* **Supplied material**

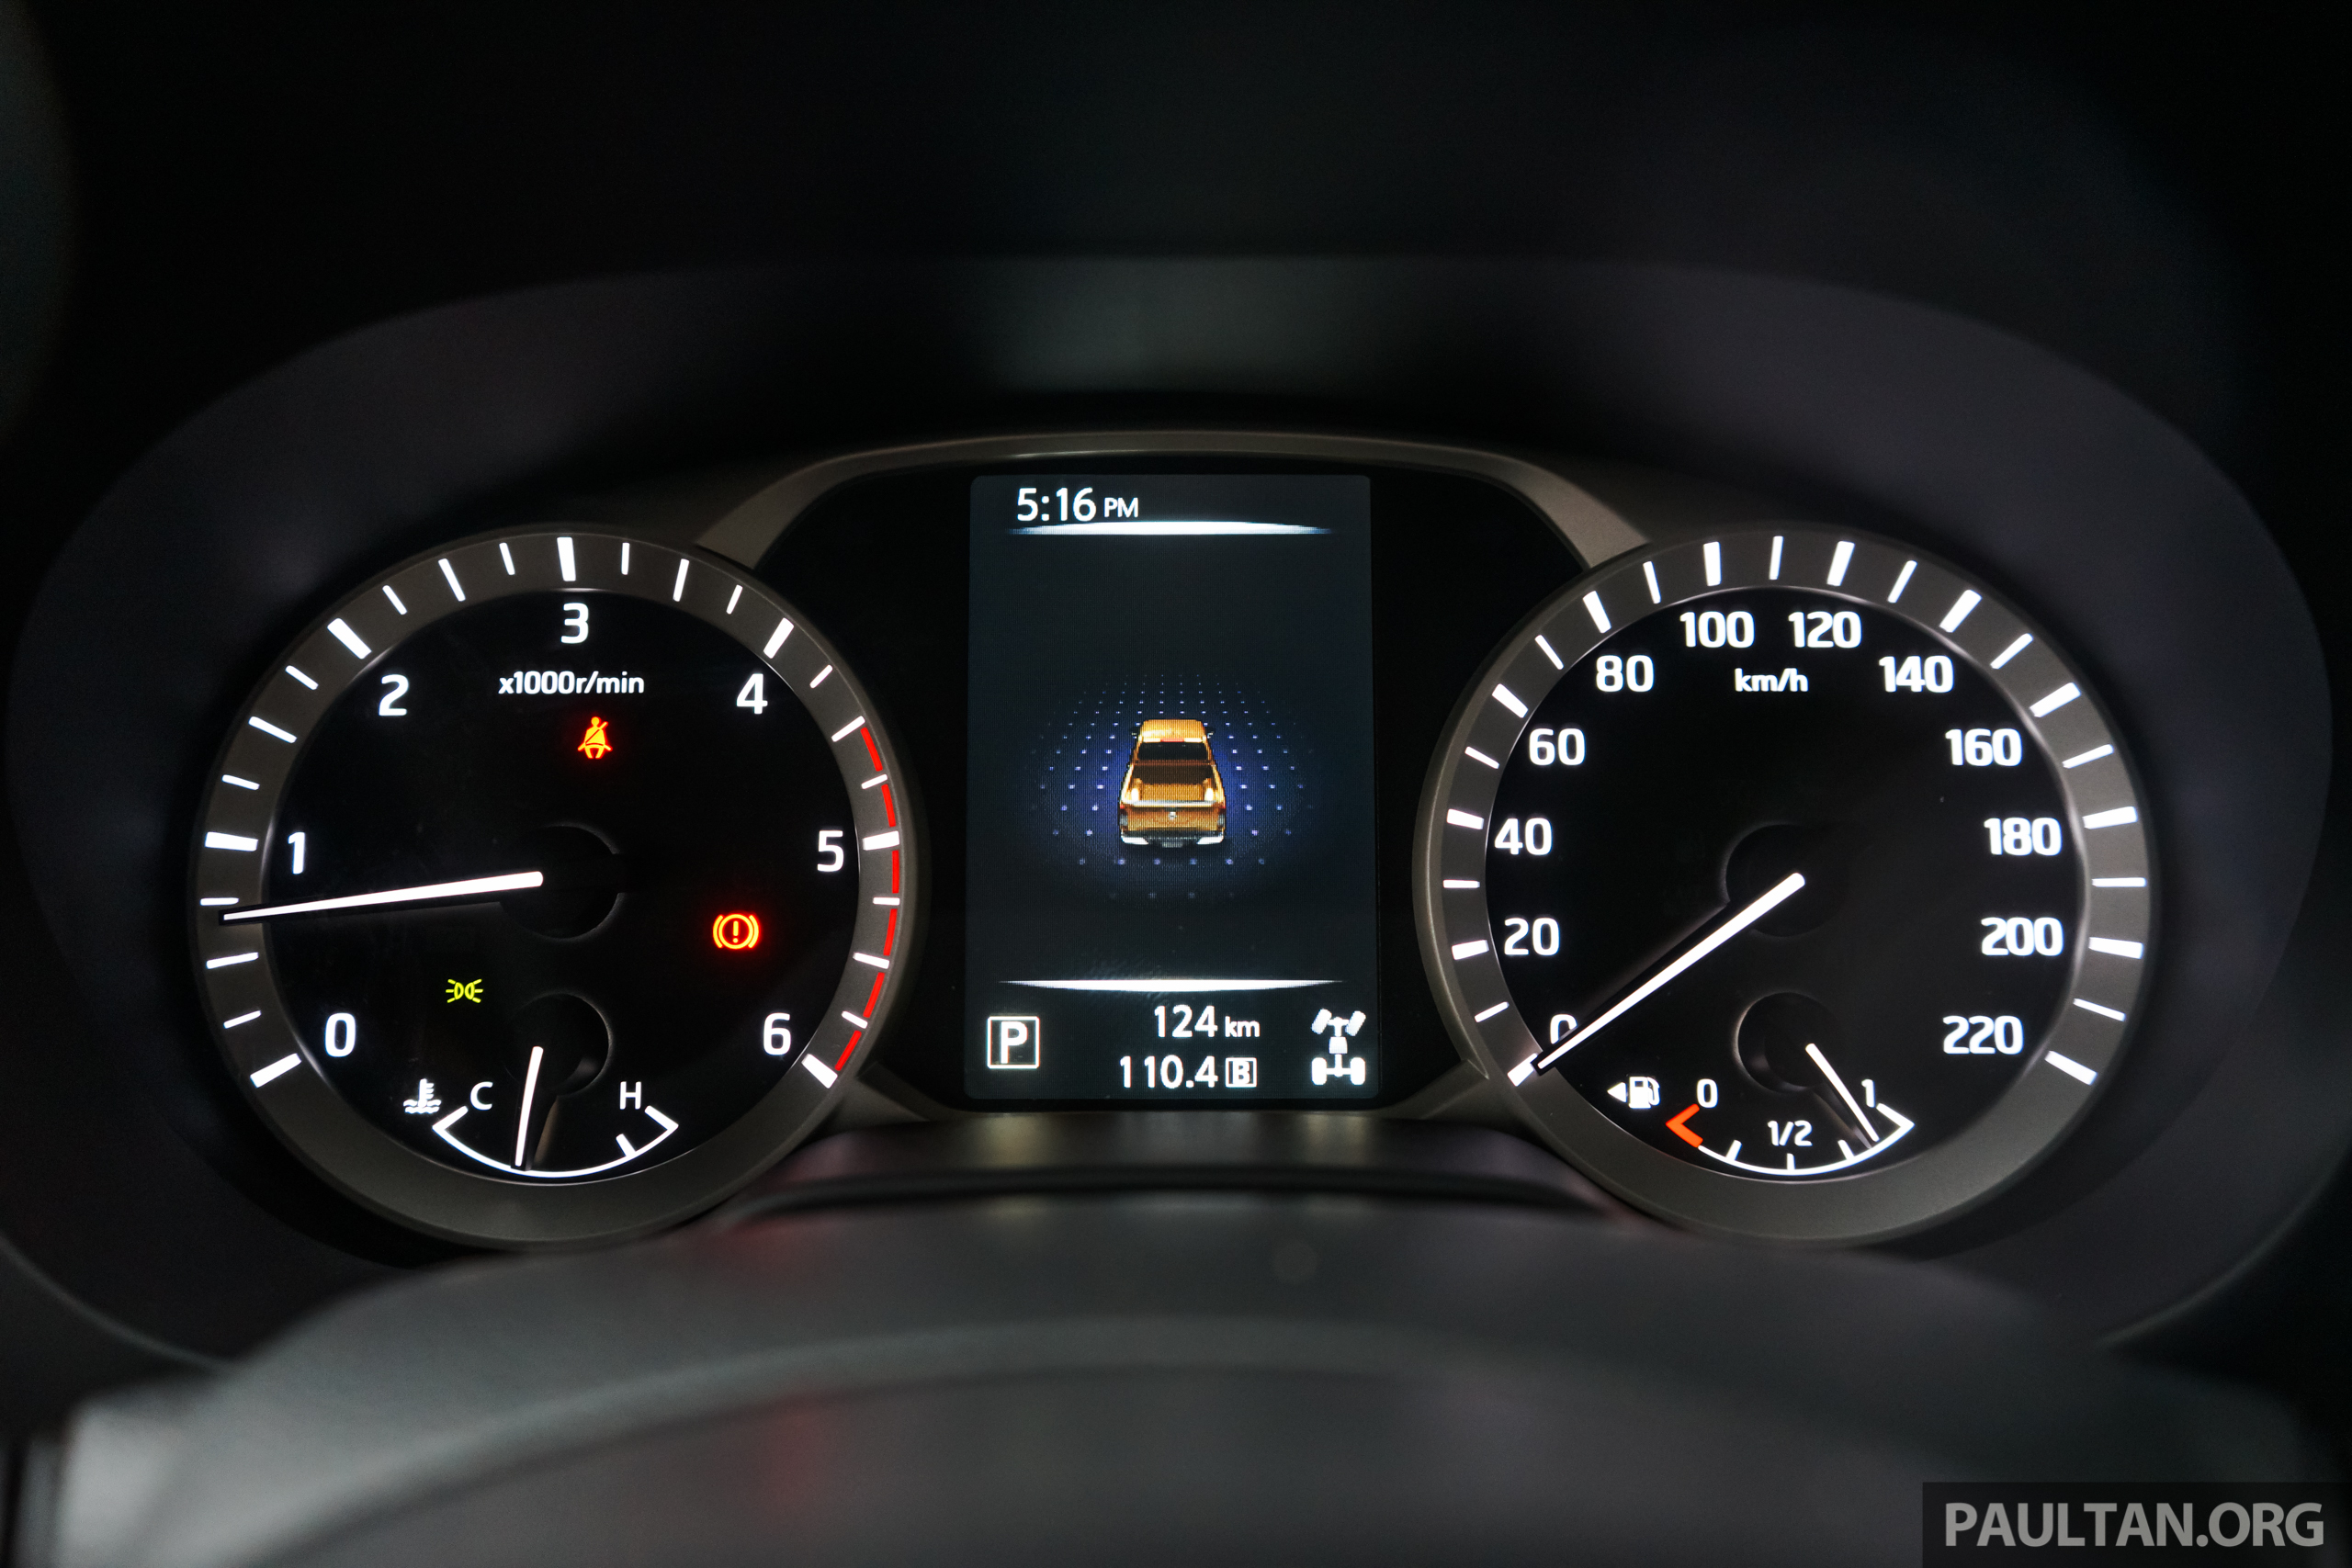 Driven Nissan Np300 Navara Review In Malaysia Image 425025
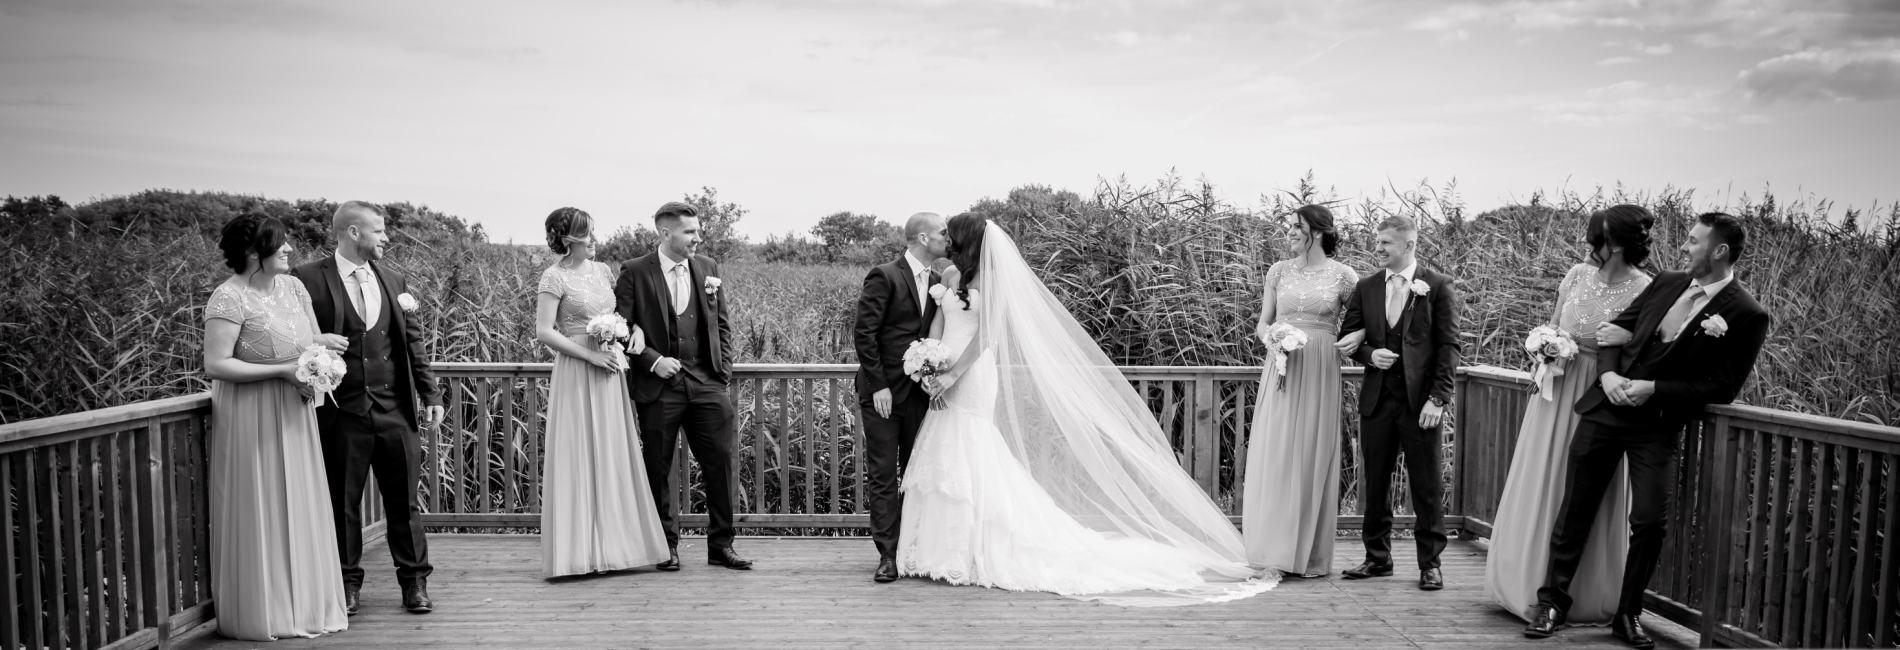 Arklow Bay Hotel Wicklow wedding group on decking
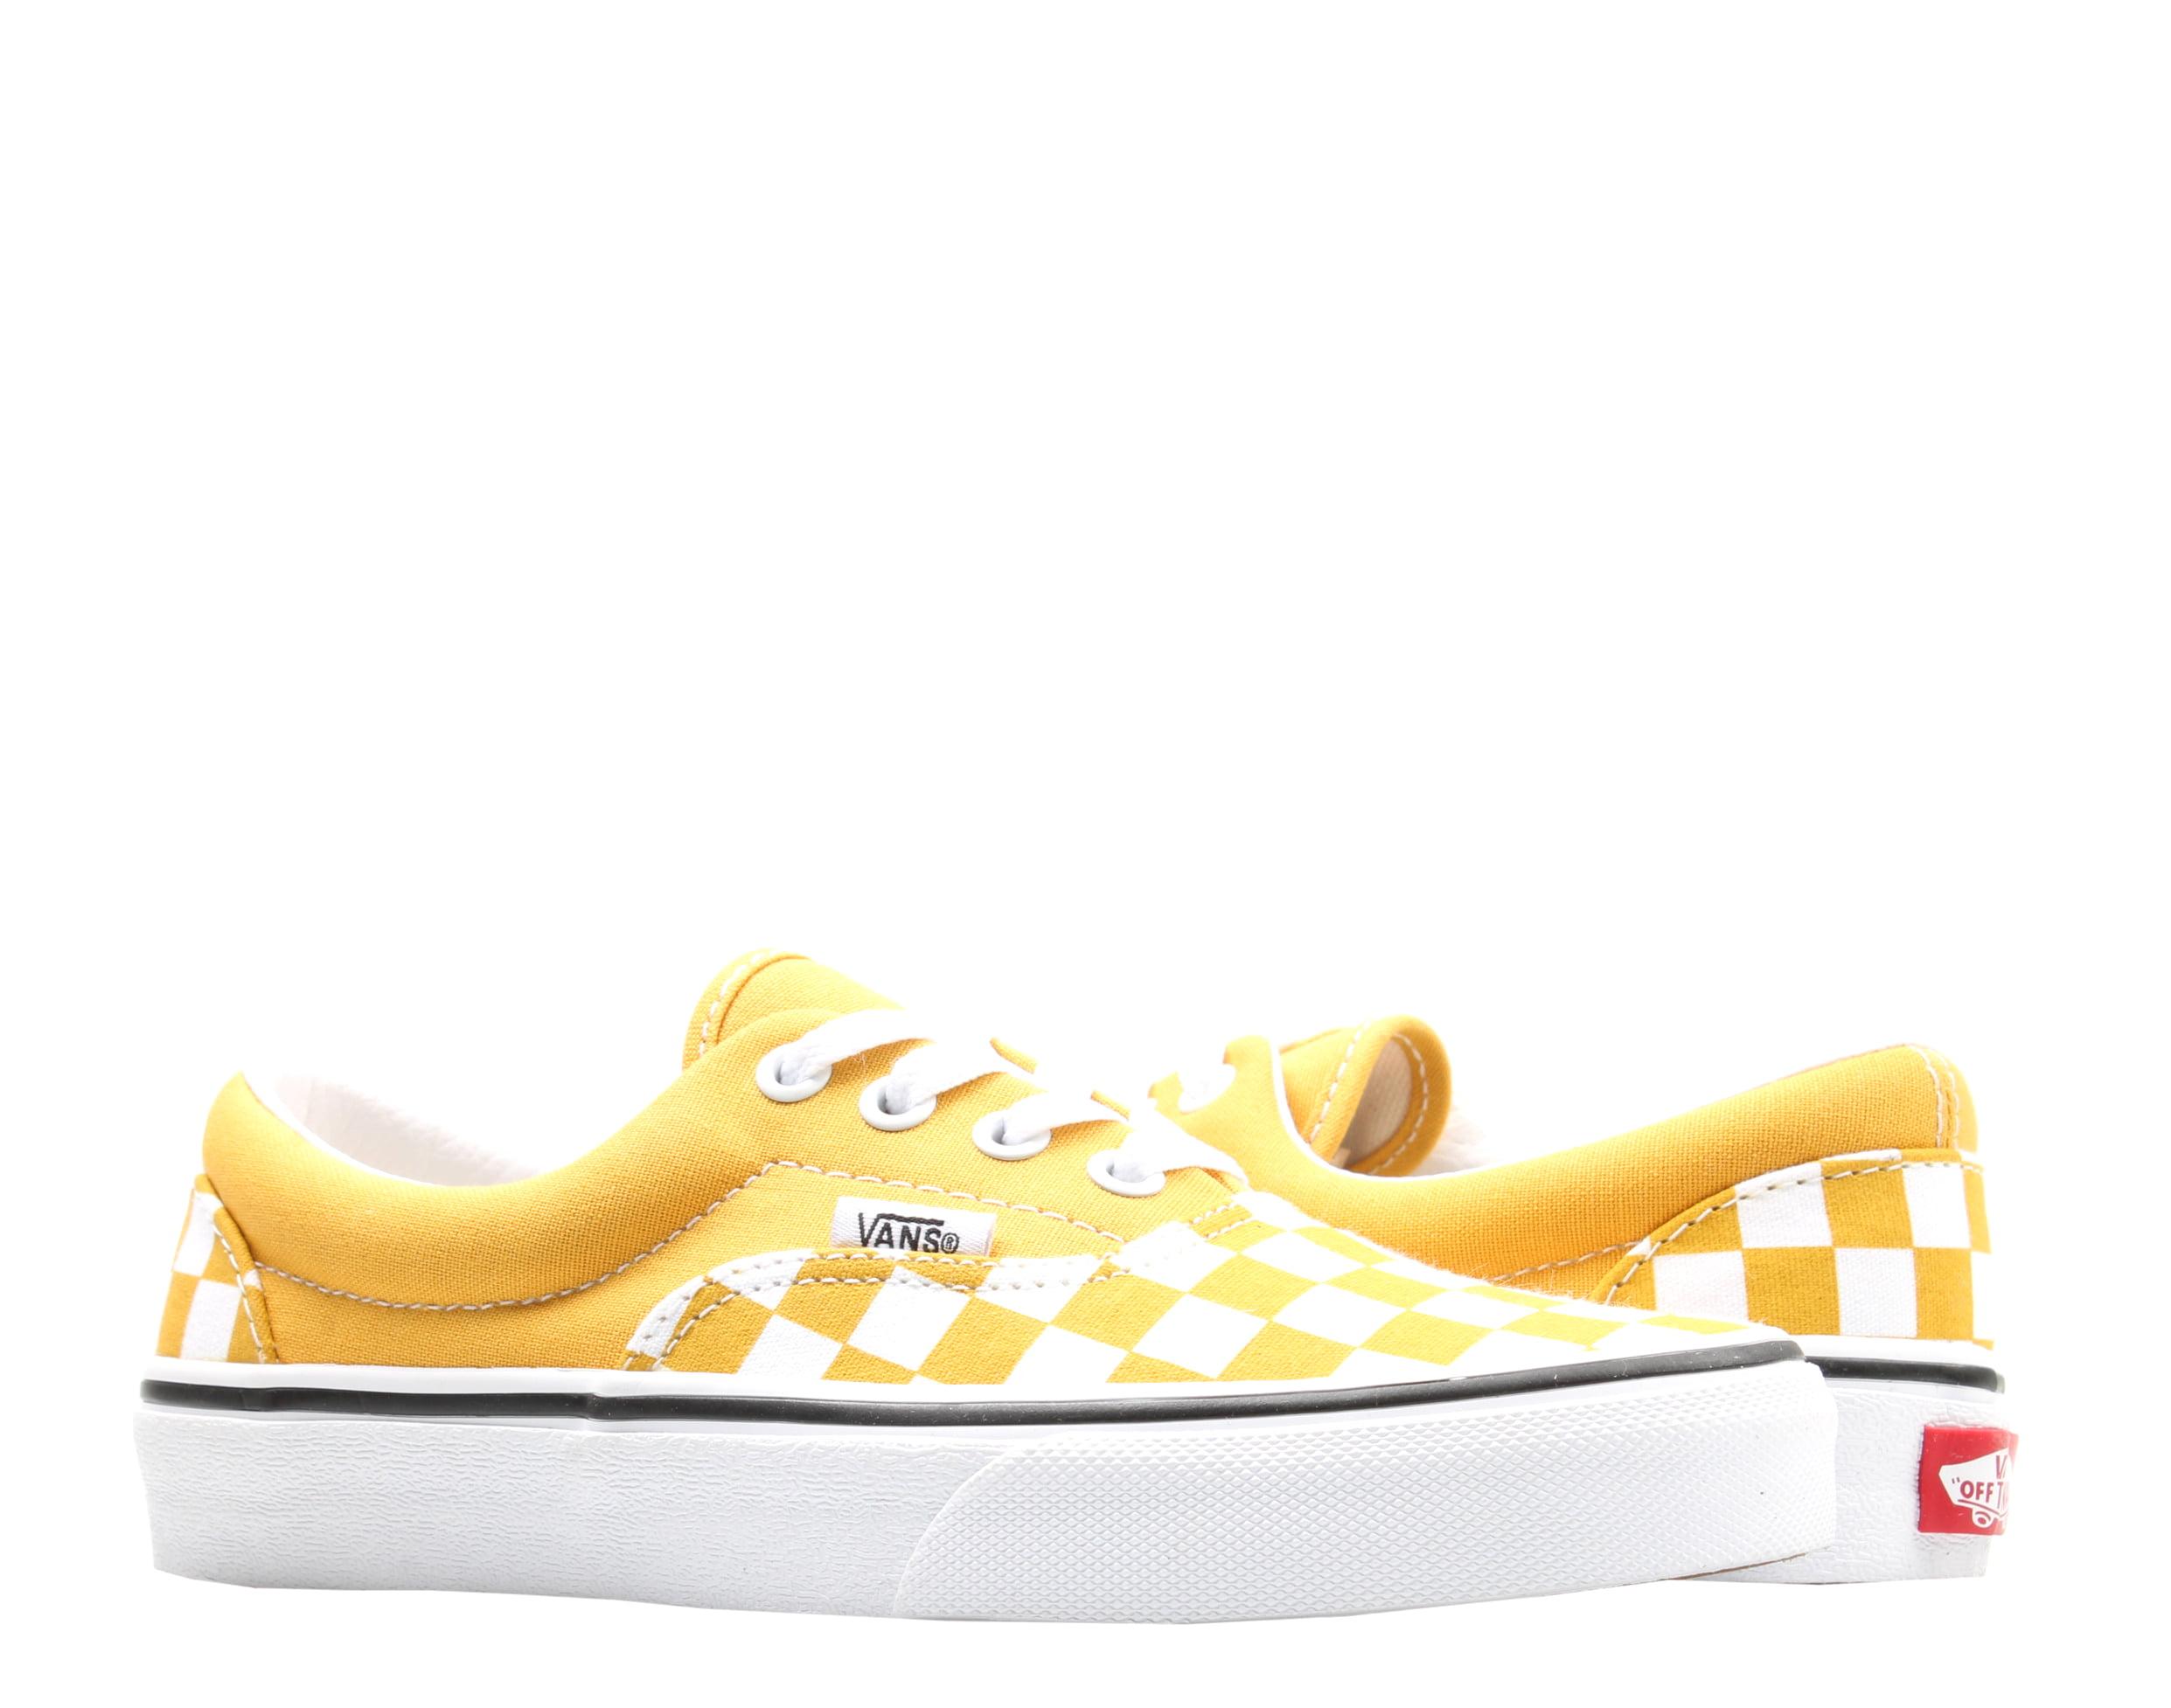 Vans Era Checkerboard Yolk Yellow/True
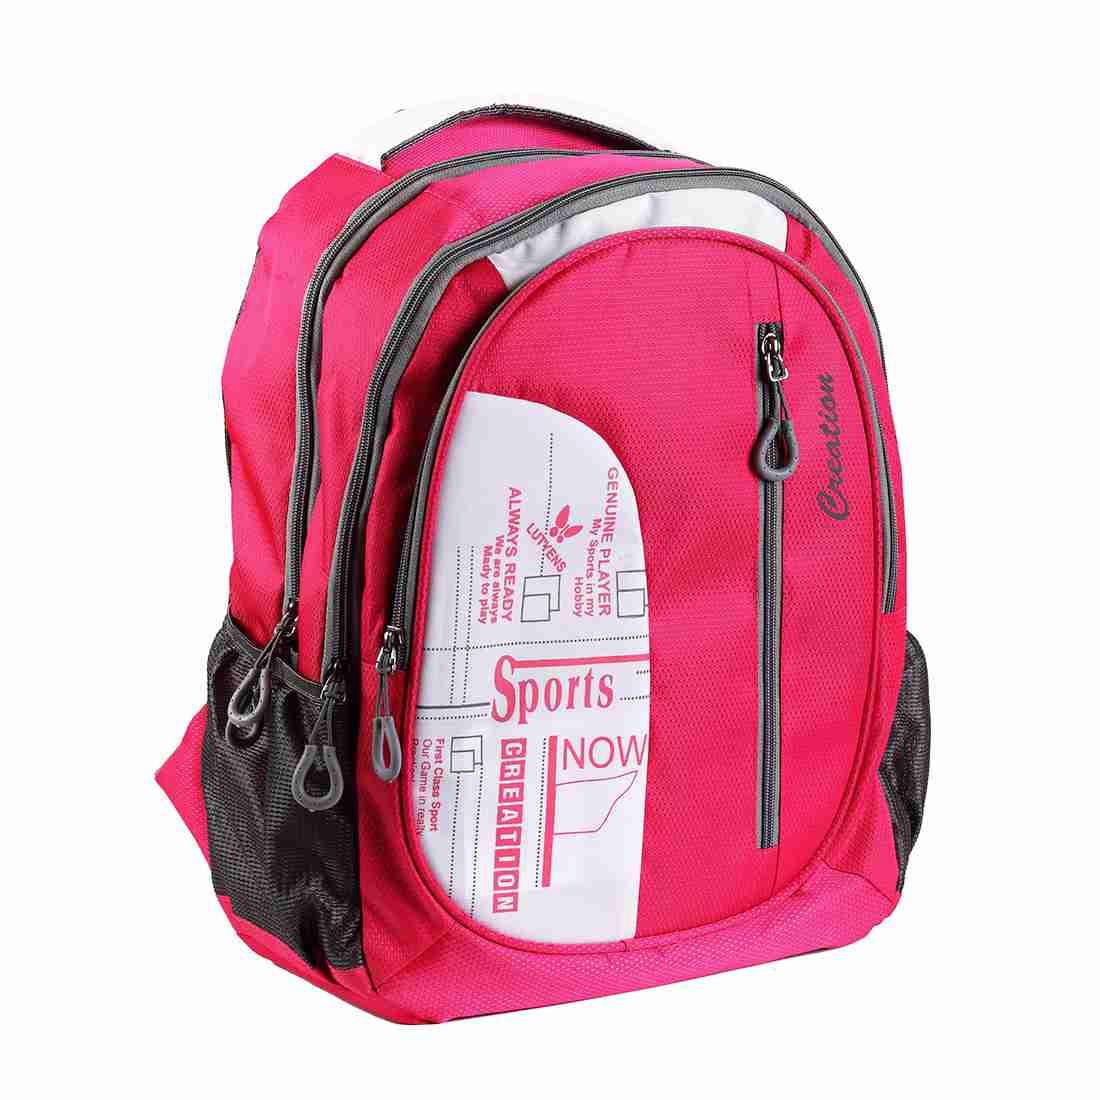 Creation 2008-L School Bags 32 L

* **Assignment**
When you reach a picture, pass over it; write out all other material exactly.

* **Task output**
 Driven Nissan Np300 Navara Review In Malaysia Image 425025
 Arklow Bay Hotel Wicklow wedding group on decking
 Vans Era Checkerboard Yolk Yellow/True
 Creation 2008-L School Bags 32 L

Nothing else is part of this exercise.